Segment Start: Dataset content

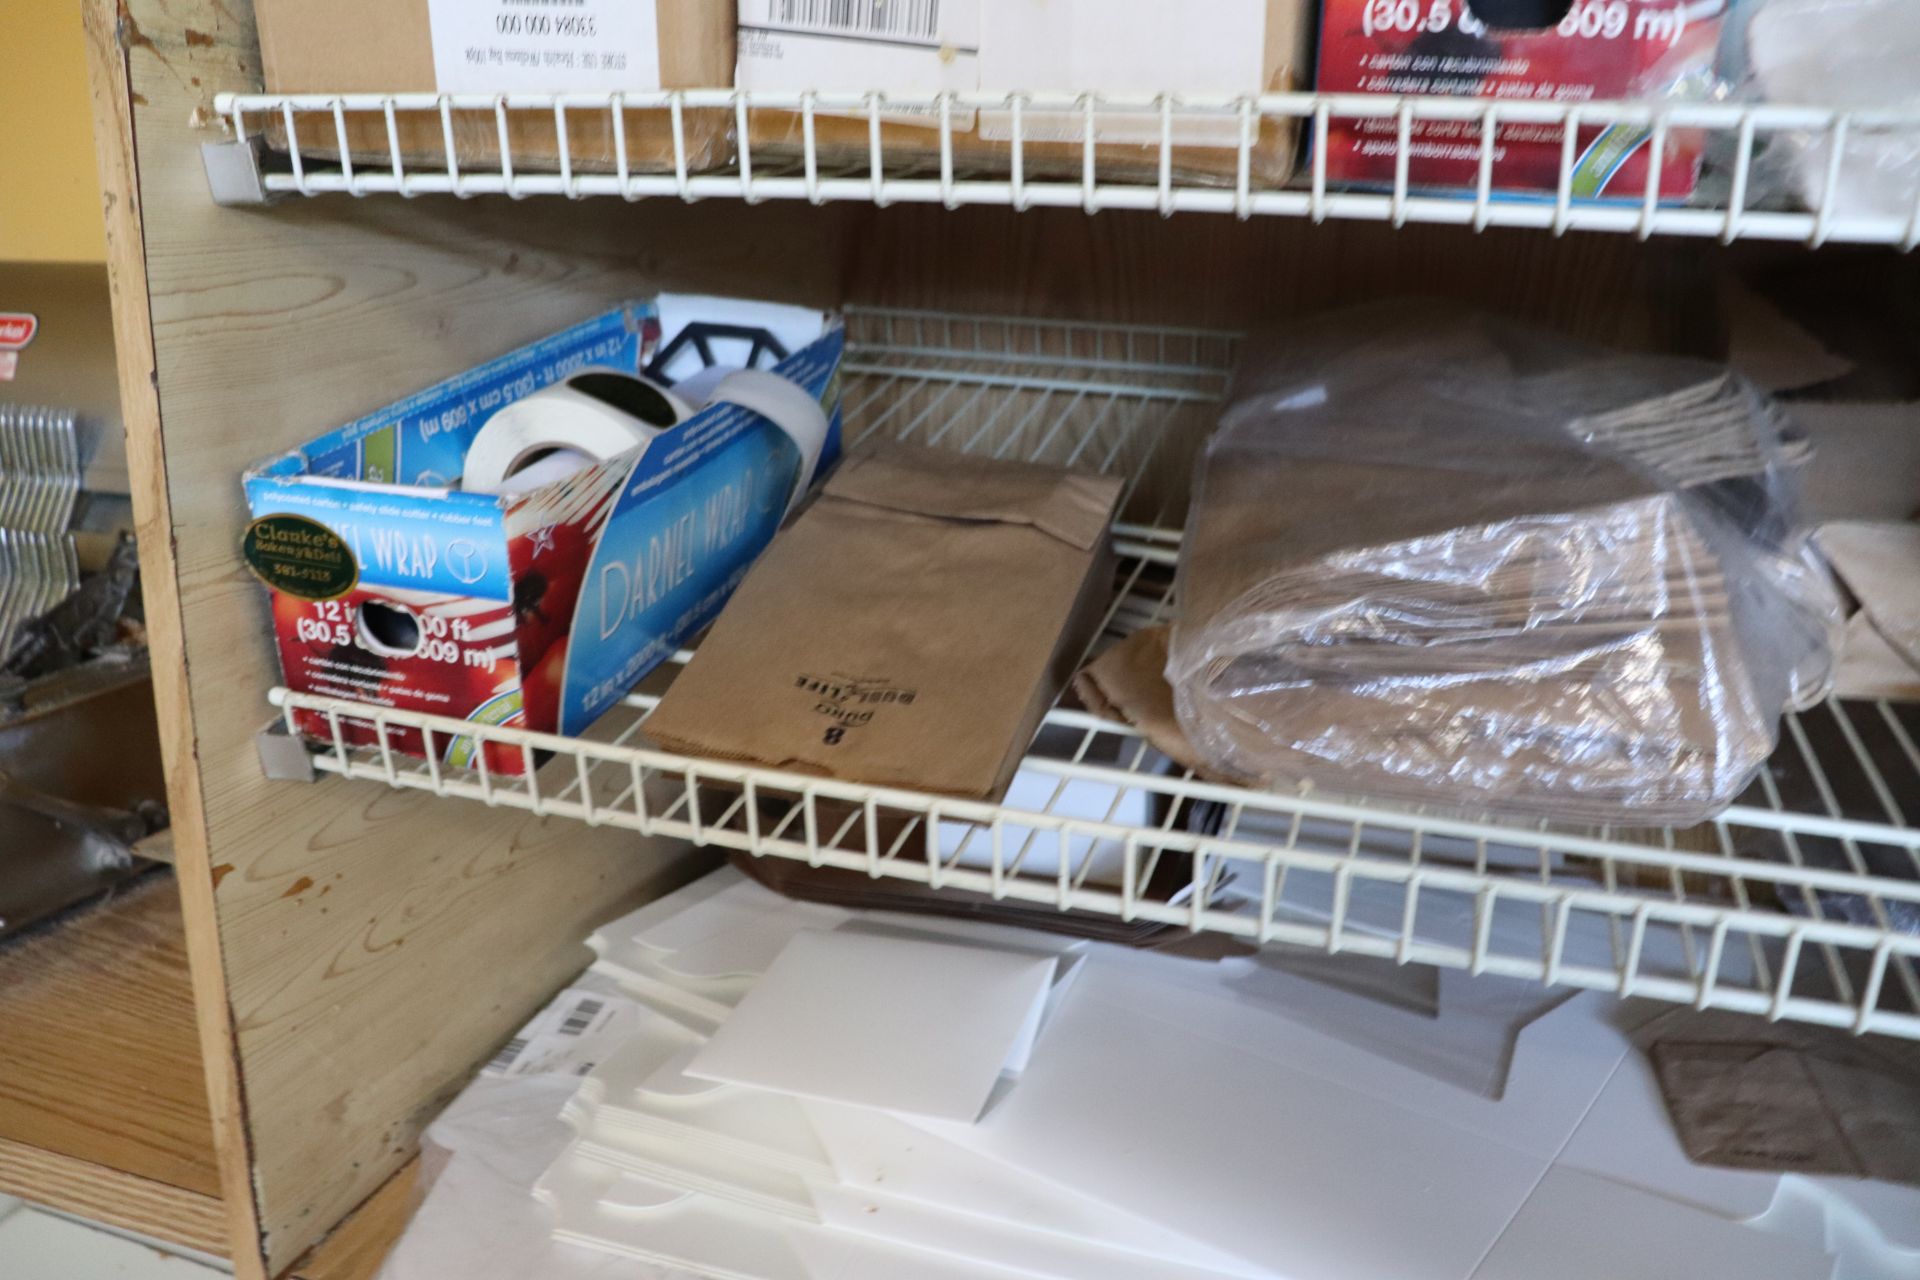 content Of shelves including to go boxes grocery bags and other miscellaneous - Image 6 of 9
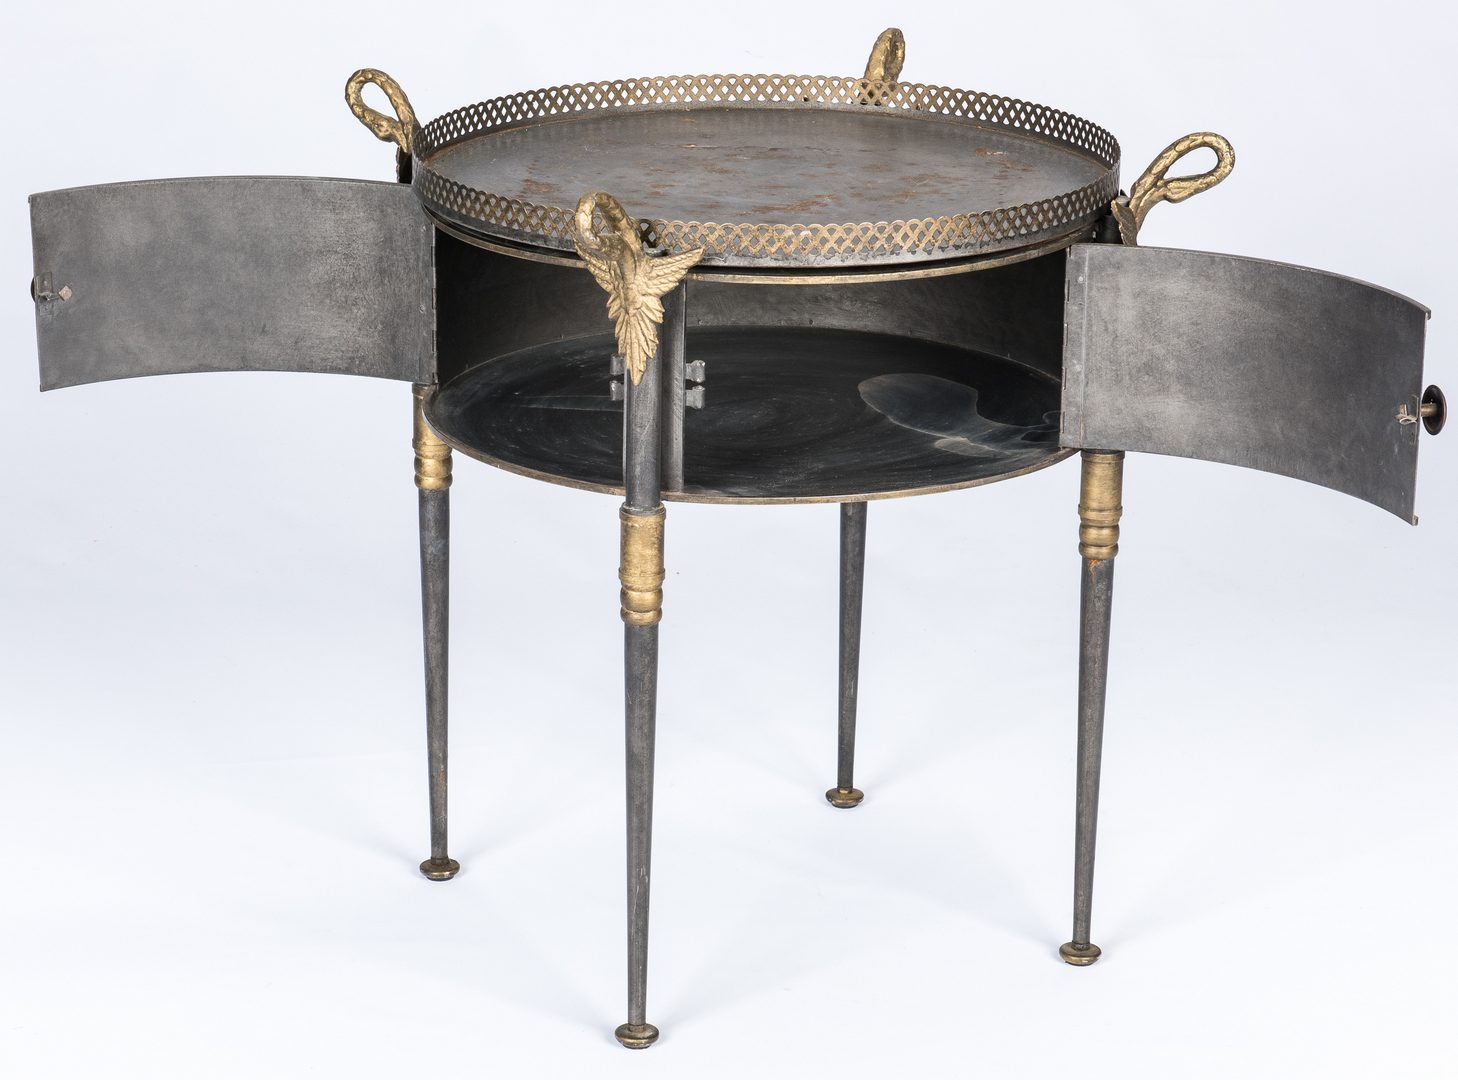 Lot 662: Trouvailles French Empire Style Metal Drum Table
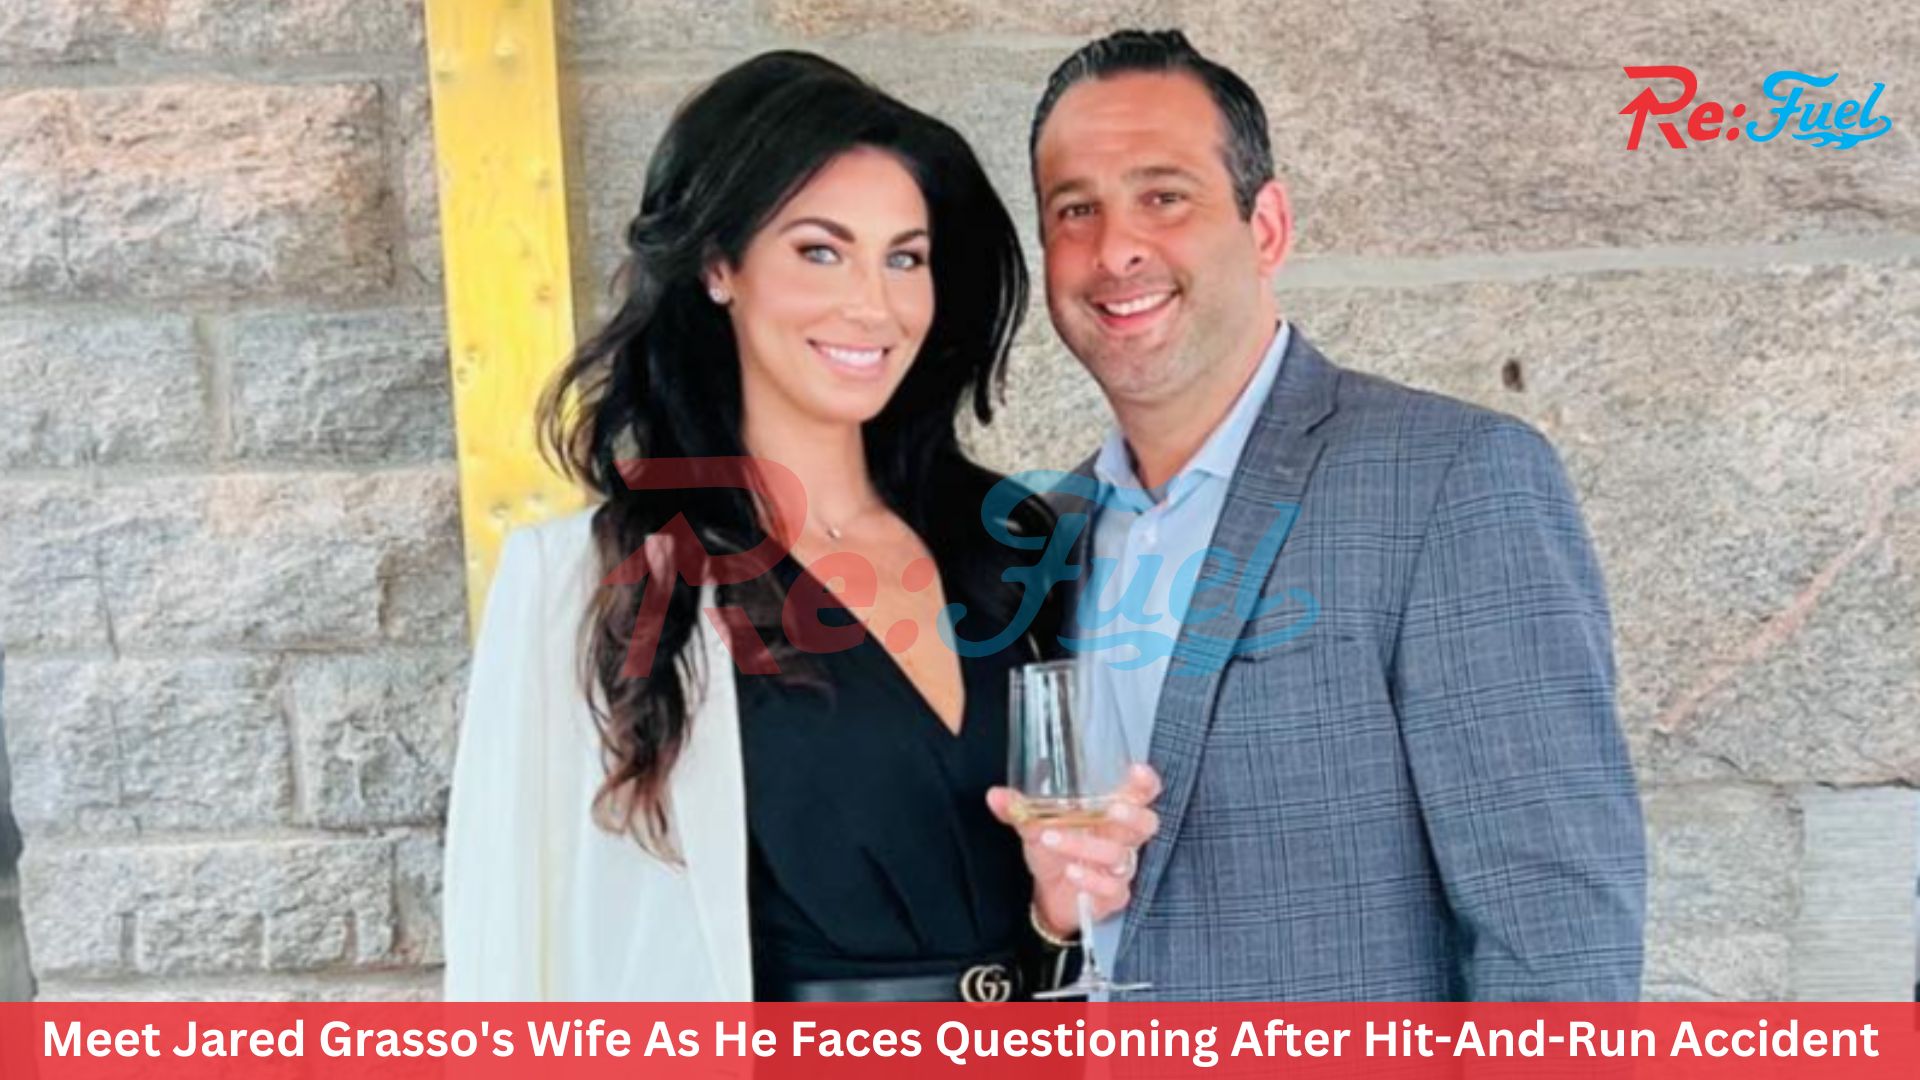 Meet Jared Grasso's Wife As He Faces Questioning After Hit-And-Run Accident
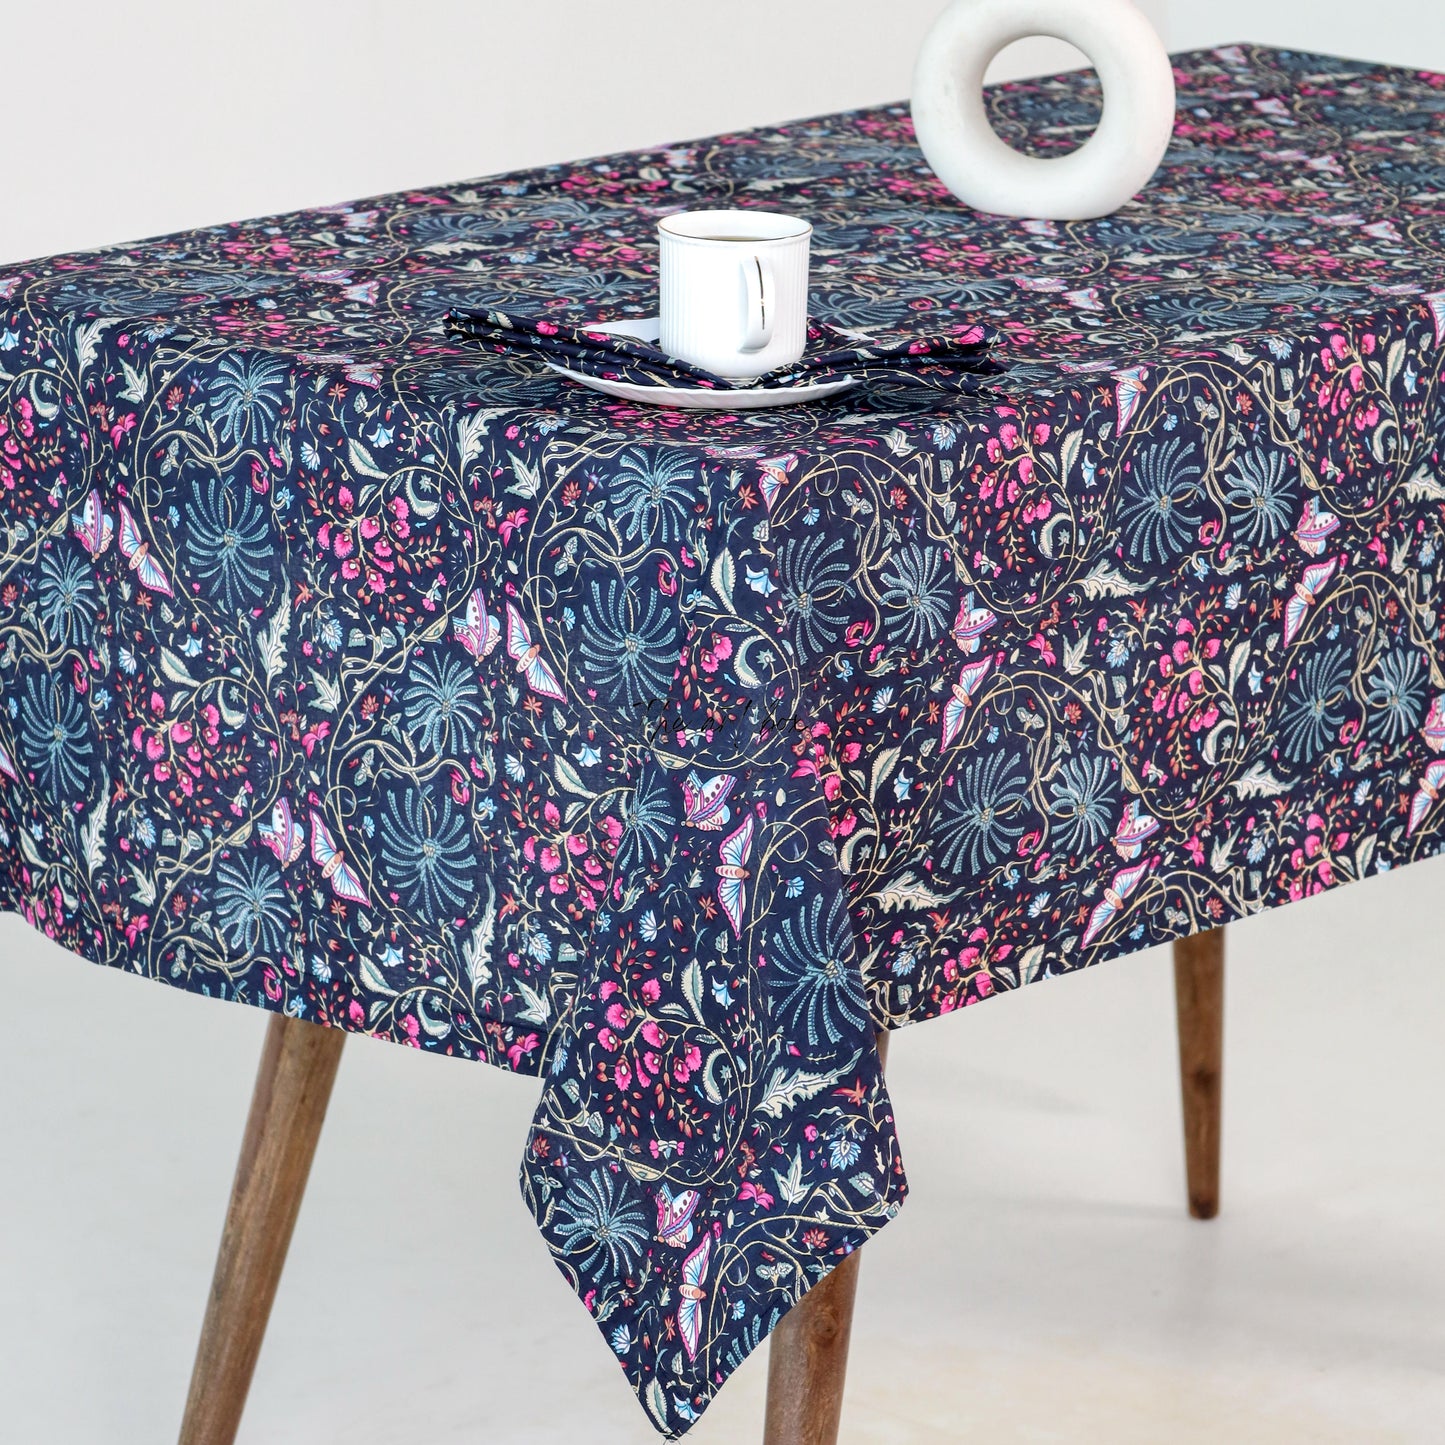 Floral Fantasy Transform Your Table with Black & Blue Printed Cotton Tablecloths

Segment End: Dataset content

What to work on>
Every line above is to be reproduced verbatim, and the pictures are to be omitted.

The answer>
 content Of shelves including to go boxes grocery bags and other miscellaneous - Image 6 of 9
 Lot 662: Trouvailles French Empire Style Metal Drum Table
 Meet Jared Grasso's Wife As He Faces Questioning After Hit-And-Run Accident
 Floral Fantasy Transform Your Table with Black & Blue Printed Cotton Tablecloths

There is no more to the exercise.